Buckyball

Various Locations

Open image gallery

Buckyball is a series of art installations by Leo Villareal Studio that pay homage to the geometric brilliance of Buckminster Fuller. The geometry of the Buckyball’s structure is based on a truncated icosahedron, which is an arrangement of hexagons and pentagons that approximate a spherical form. The largest of these installations to date is located outside the new Stanford Hospital in Palo Alto, California. In this installation, a 30-foot-diameter Buckyball suspends a 20-foot diameter Buckyball within it, which in turn suspends a 10-foot-diameter Buckyball. The resulting geometry creates a stage for the artist’s performance with light and color. CRAFT worked closely with the fabricator, 4th State Metals, along with the artist’s team, to develop components and realize the installation.
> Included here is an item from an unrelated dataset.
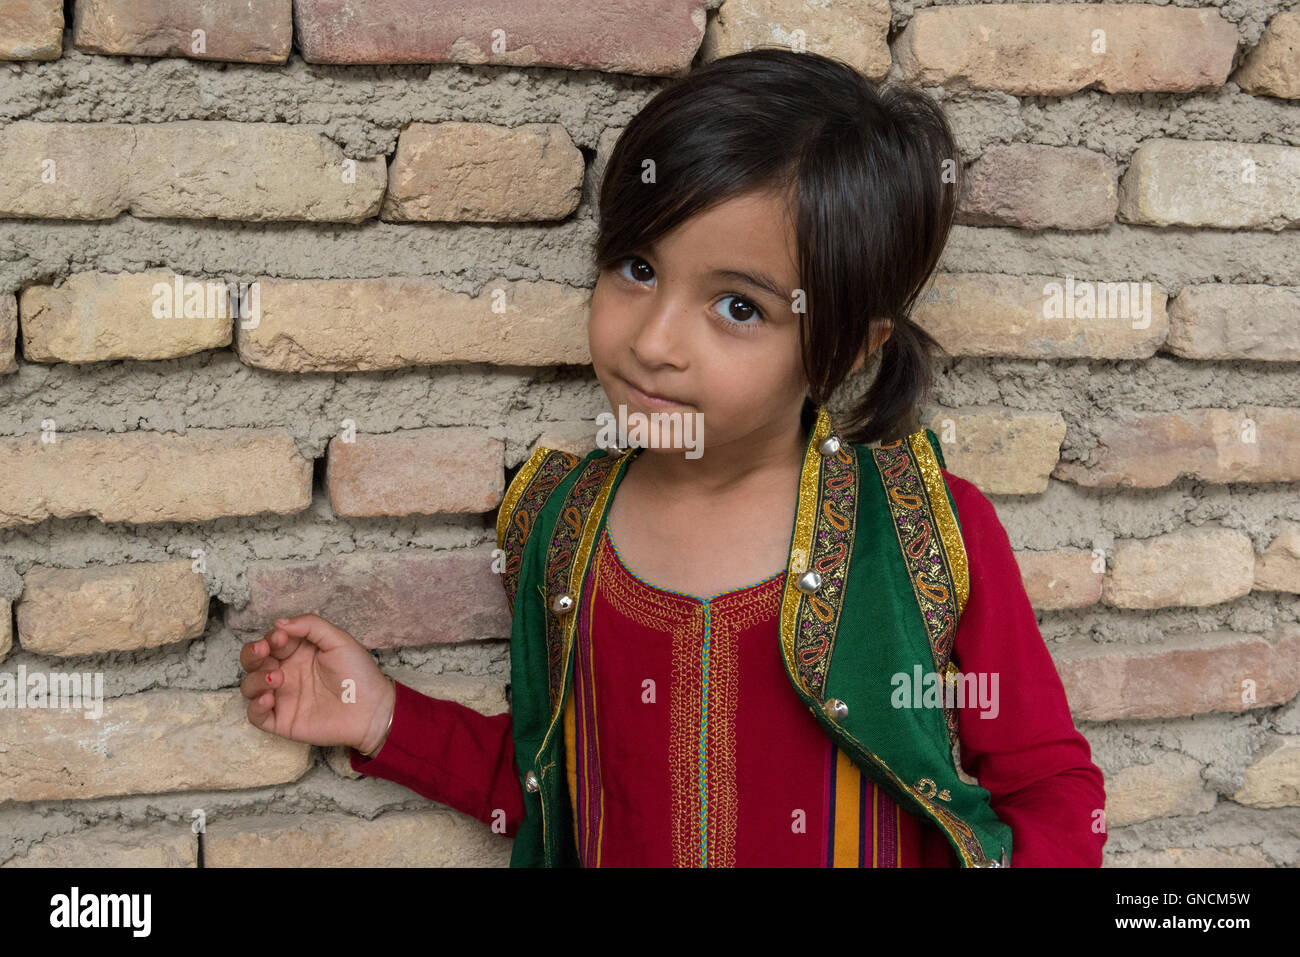 Bandar Torkaman, Turkmen Wedding, Girl In Front Of Brick Wall At Lunch Venue - Stock Image

The structural challenge comes from the members and joints subjected to varying loading conditions throughout the sculpture. Details were required to maintain the overall visual appearance while simultaneously increasing strength. The base of the sculpture, for example, was imagined as a solid, shop-fabricated weldment to generate the necessary resistance to loads and minimize deflections. The remaining nodes and elements were site-assembled using mechanical fasteners with variations in quantity and material thickness to allow further gradation for structural performance.

A combination of linear and solid finite elements were used to represent the overall behavior of the sculptures under loading conditions while providing the ability to isolate and analyze highly stressed components. In this example, the assembly of components in the outer buckyball that hangs the inner balls are evaluated and verified for conformance with load combinations that include the effect of seismic activity.